The Pilgrim Hawk (1940)

Wescott’s masterpiece — and one of the great short novels of the twentieth century — is set in a single afternoon at a house outside Paris. The narrator, an American expatriate named Alwyn Tower, observes the visit of an Irish couple, the Cullens, who arrive with a hooded hawk on the wife’s wrist. The hawk becomes a vehicle for the narrator’s reflections on love, jealousy, hunger, freedom, art, and the relationship between wildness and domestication.

The novella’s method is oblique and cumulative: nothing happens (a hawk is fed, a husband gets drunk, a gun is briefly waved) but everything is at stake. The narrator’s consciousness — watchful, self-doubting, luxuriously intelligent — is the real subject. Katherine Anne Porter called it “a fine piece of writing”; Michael Cunningham later championed it as a neglected masterpiece.

Later Work

Apartment in Athens (1945) — a wartime novel about a Greek family forced to billet a German officer — was commercially successful but artistically conventional. After it, Wescott published almost no fiction for the remaining four decades of his life. He wrote literary essays — collected in Images of Truth (1962), shrewd assessments of writers including Thomas Mann, Colette, and Katherine Anne Porter — and kept extensive journals, but the novels he planned never materialised.

The reasons for his long silence have been much debated: Hemingway’s mockery, the distractions of social life, the difficulty of writing openly about homosexuality, perfectionism, or simply the exhaustion of his particular gift.

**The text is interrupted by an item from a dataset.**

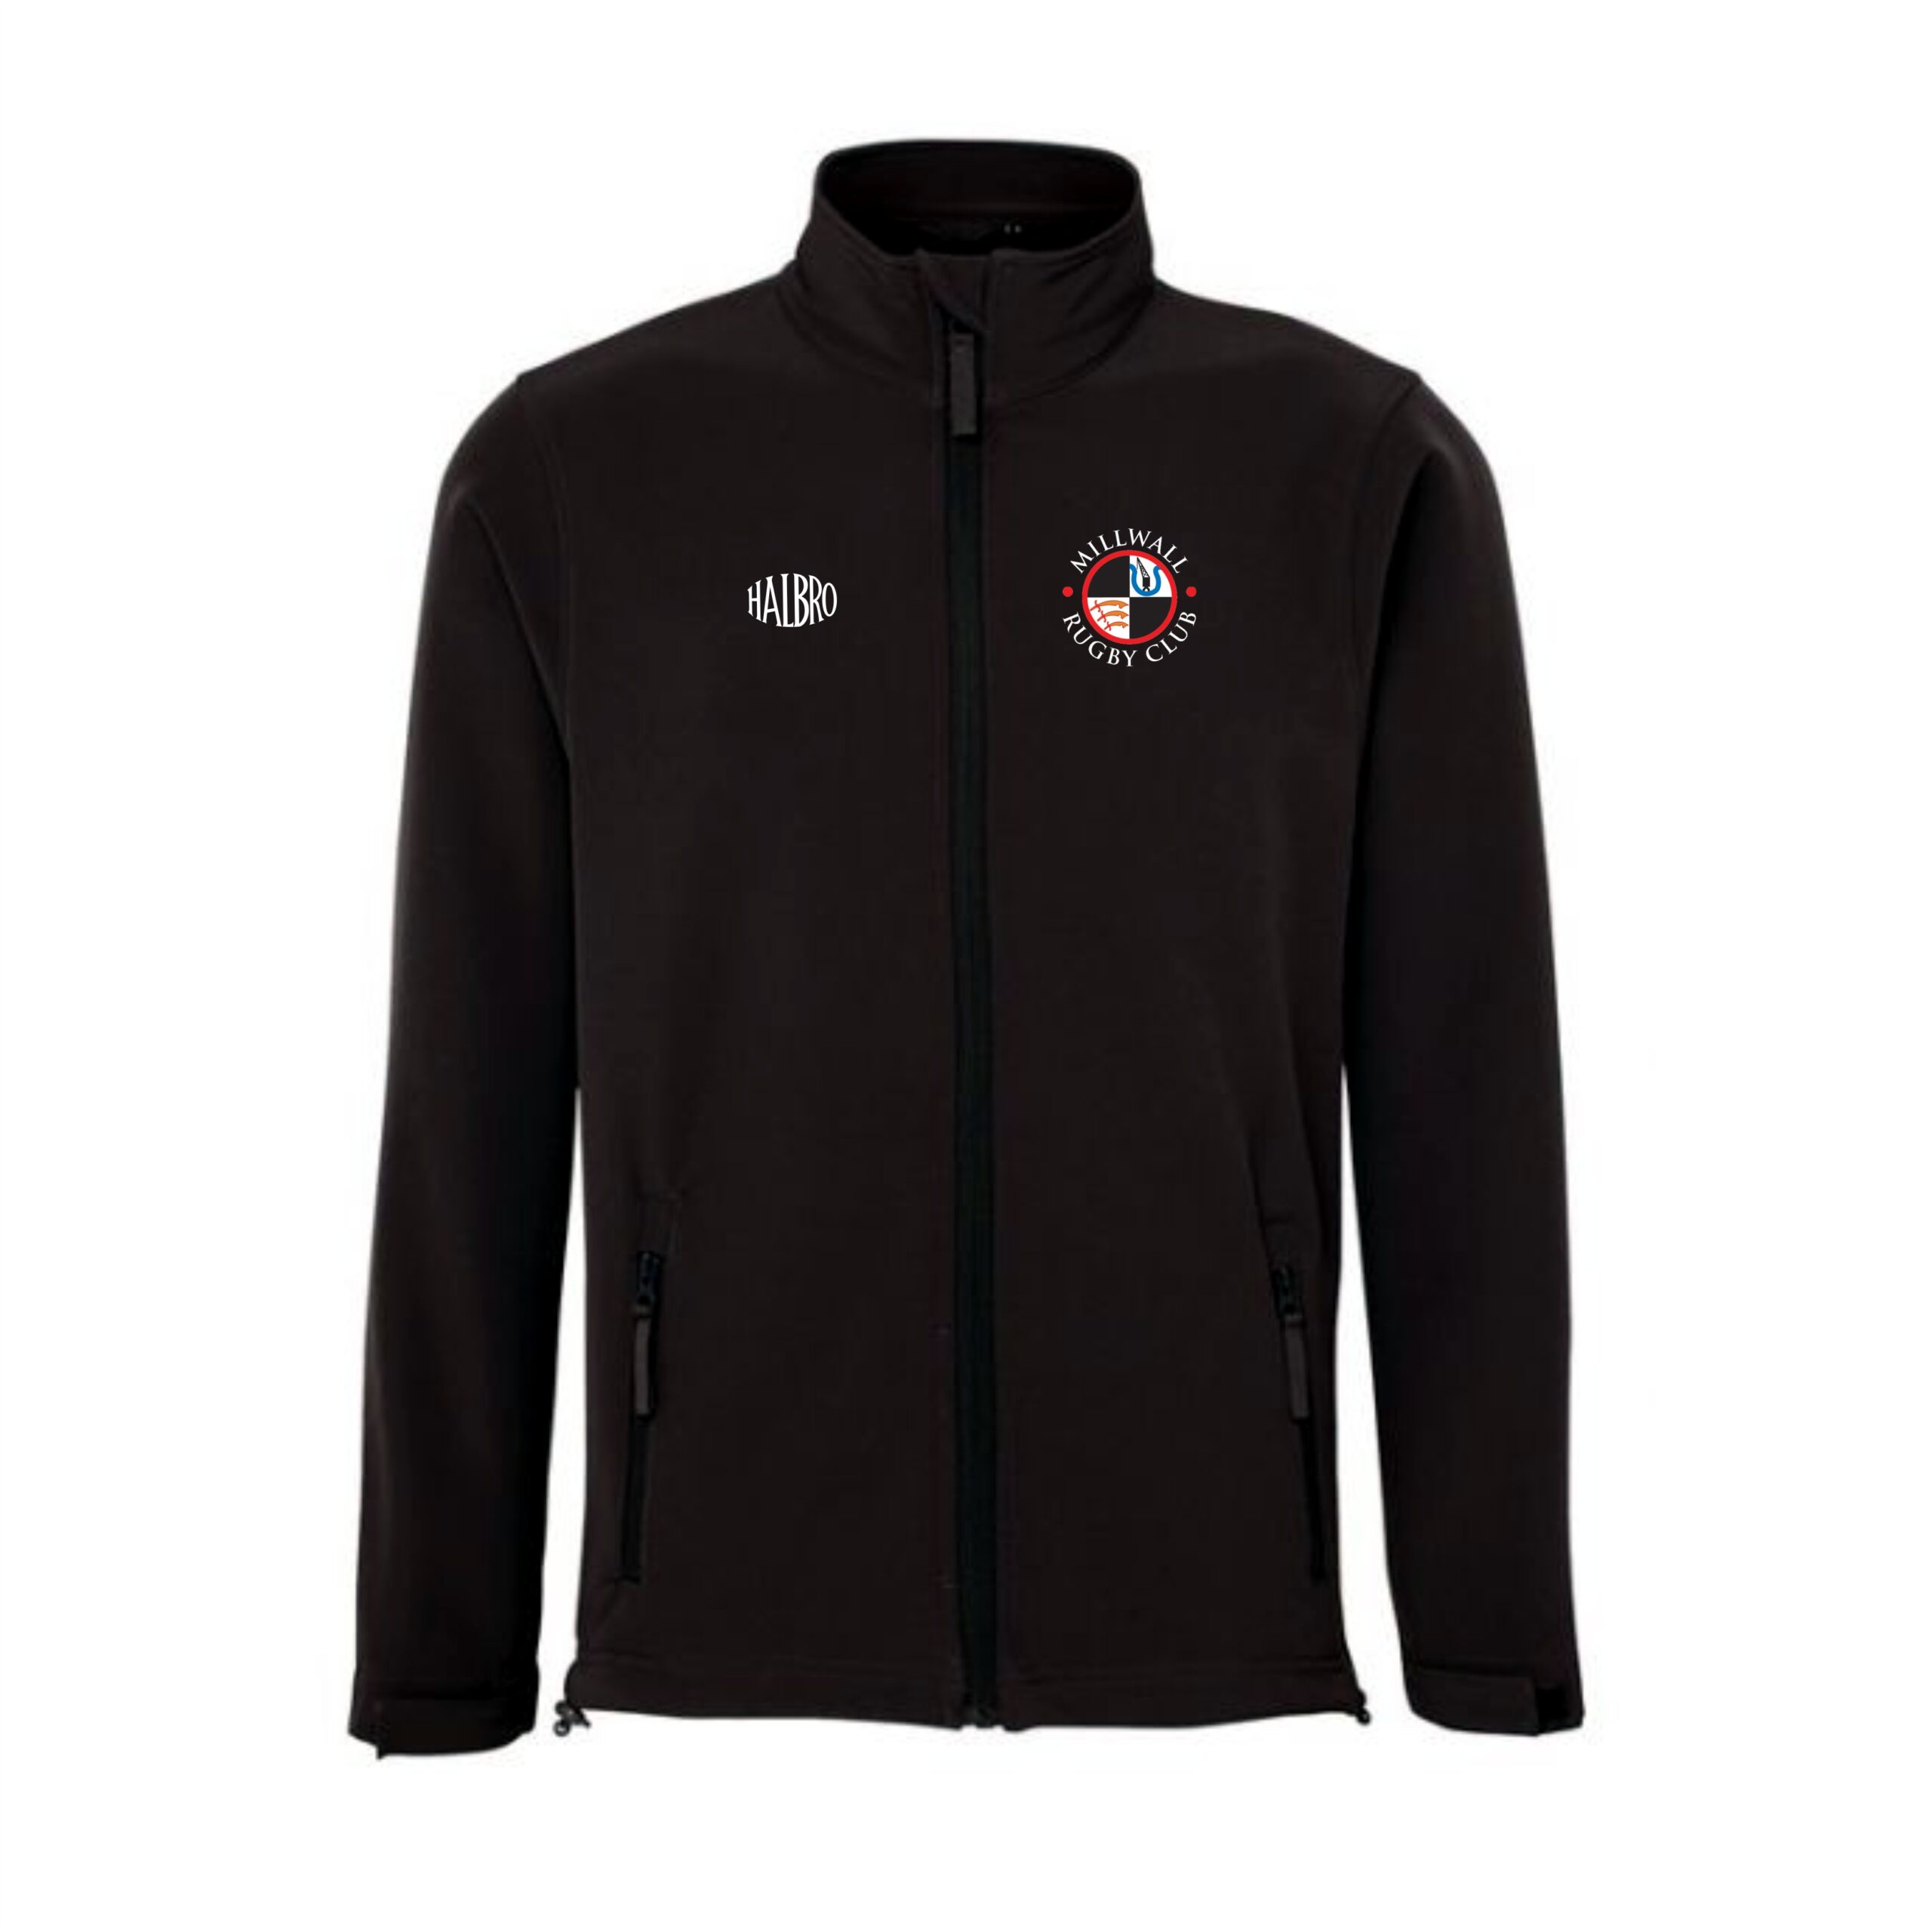 Millwall RFC Unisex Soft Shell Jacket - Halbro Sportswear Limited

His journals — published posthumously — reveal a man painfully aware of his failure to produce.

Critical Standing

Wescott is now remembered almost exclusively for The Pilgrim Hawk, which remains in print and is regularly anthologised. It is taught in creative writing programmes as a model of the compressed novel and the intelligence of indirect narration. His other work is largely out of print. The posthumous publication of his journals and letters has added biographical interest but has not significantly expanded his literary reputation.

Collecting Wescott

The Pilgrim Hawk (1940, Harper & Brothers) in first edition with dust jacket brings $100–$300. The Grandmothers (1927, Harper) in first edition brings $50–$150. Association copies — particularly those inscribed to Monroe Wheeler or George Platt Lynes — are prized.